SEC Divisions Issue Guidance on Tokenized Securities

Gage Raju-Salicki Commentary by Gage Raju-Salicki

The SEC Division of Corporation Finance, Division of Investment Management, and Division of Trading and Markets ("the Divisions") issued guidance on the application of federal securities laws to tokenized securities.

In the joint statement, the Divisions outlined taxonomies for issuer-sponsored and third party-sponsored models to assist market participants with compliance, registration, and distinguishing between different tokenization structures. The Divisions provided guidance on:

  • Tokenized Securities Definitions: The Divisions defined a tokenized security as a financial instrument enumerated under the definition of a "security" "that is formatted as or represented by a crypto asset," with ownership records maintained wholly or partially on a crypto network. The Divisions categorized these into two primary groups: securities tokenized by the issuer and securities tokenized by unaffiliated third parties.
  • Issuer-Sponsored Models: The Divisions explained that issuers may integrate Distributed Ledger Technology to maintain the "master securityholder file" onchain. Alternatively, issuers may issue securities offchain while using crypto assets indirectly to notify the agent to record transfers. The Divisions emphasized that the format (onchain vs. offchain) "does not affect application of the federal securities laws," meaning registration requirements remain applicable. Further, tokenized securities may be considered the same class as traditional securities if they possess "substantially similar" characteristics and rights.
  • Third Party Models: The Divisions addressed scenarios where unaffiliated parties tokenize an issuer's security. They noted that rights associated with these crypto assets may differ materially from the "underlying security" and may expose holders to additional risks, such as the bankruptcy of the third party. These generally fall into custodial or synthetic models which are distinguished as follows:
    • Custodial Tokenized Securities: Where a third party creates a "security entitlement that is formatted as a crypto asset" representing an indirect interest in an underlying security held in custody.
    • Synthetic Tokenized Securities: Where a third party issue a "linked security" (e.g., a structured note) or a "security-based swap" providing "synthetic exposure" to a referenced asset without conveying ownership rights.
  • Security-Based Swaps: The Divisions highlighted that if a crypto asset provides synthetic exposure—such as payments based on the value of a security without conveying an ownership interest—it may constitute a security-based swap. The regulators reiterated that such assets generally cannot be sold to non-eligible contract participants unless the transaction is registered under the Securities Act and effected on a national securities exchange.

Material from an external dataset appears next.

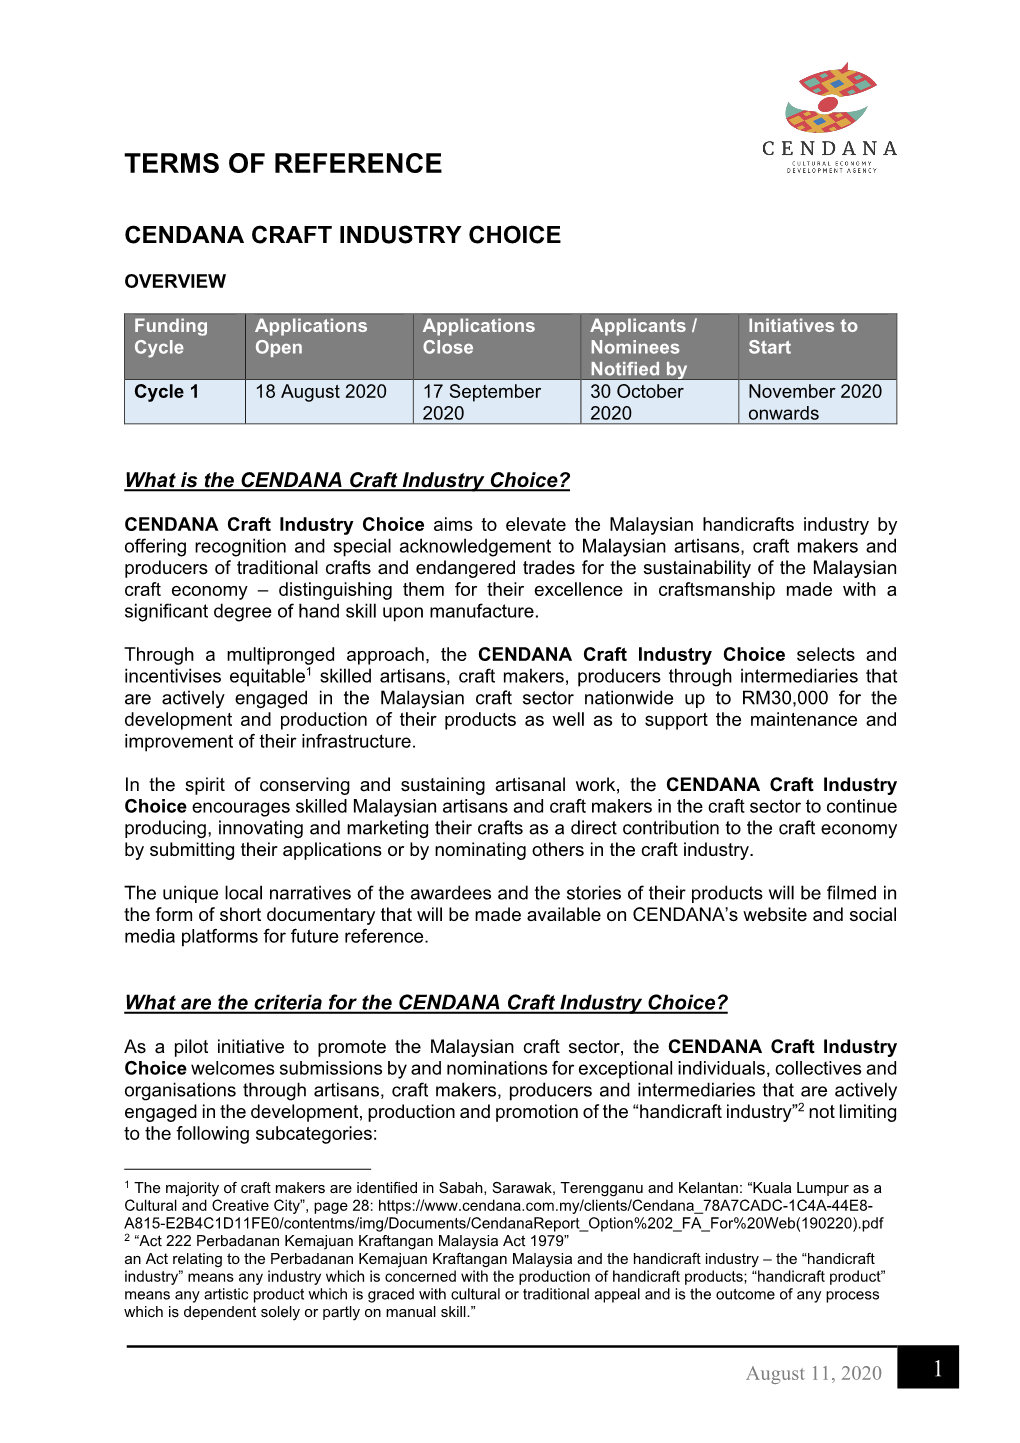 Cendana Craft Industry Choice

The Divisions stated that the assessment of whether a financial instrument is a security-based swap or a linked security depends on specific exclusions from the definition of "swap," and that the "economic reality of the instrument rather than the name given to the instrument" determines its regulatory treatment.

Commentary

Noteworthy here is the parallelism (and distinction) between the SEC and CFTC guidance on these topics—though perhaps "interrelationship" is more apt. The SEC's January 2026 joint staff statement and the CFTC's December 2025 guidance represent similar but functionally distinct regulatory approaches to tokenization. While the SEC's statement addresses the fundamental question of what constitutes a tokenized security — it confirmed that the format of a security (whether recorded on-chain or off-chain) does not alter its legal classification under federal securities laws — the CFTC's guidance focused on how tokenized assets can serve as margin collateral in regulated derivatives markets. The SEC framework establishes taxonomies for issuer-sponsored and third-party tokenized securities, whereas the CFTC guidance defines eligible collateral requirements, emphasizing that tokenized assets retain their margin eligibility so long as they satisfy applicable regulatory requirements for liquidity, established haircuts, and value stability during financial stress.

For firms operating across both securities and derivatives markets, these parallel frameworks create overlapping compliance considerations. A firm holding tokenized Treasury securities, for example, must consider the SEC framework when issuing or transferring those securities, but must apply the CFTC framework when pledging those same tokens as collateral for swap positions. Both agencies share a coordinated, technology-neutral philosophy: tokenization changes the form of assets, but not their underlying legal character. The practical result is that market participants engaged in both securities and derivatives activities will need to navigate both regulatory regimes simultaneously, particularly where synthetic tokenized securities - such as security-based swaps formatted as crypto assets - may implicate overlapping SEC and CFTC jurisdiction.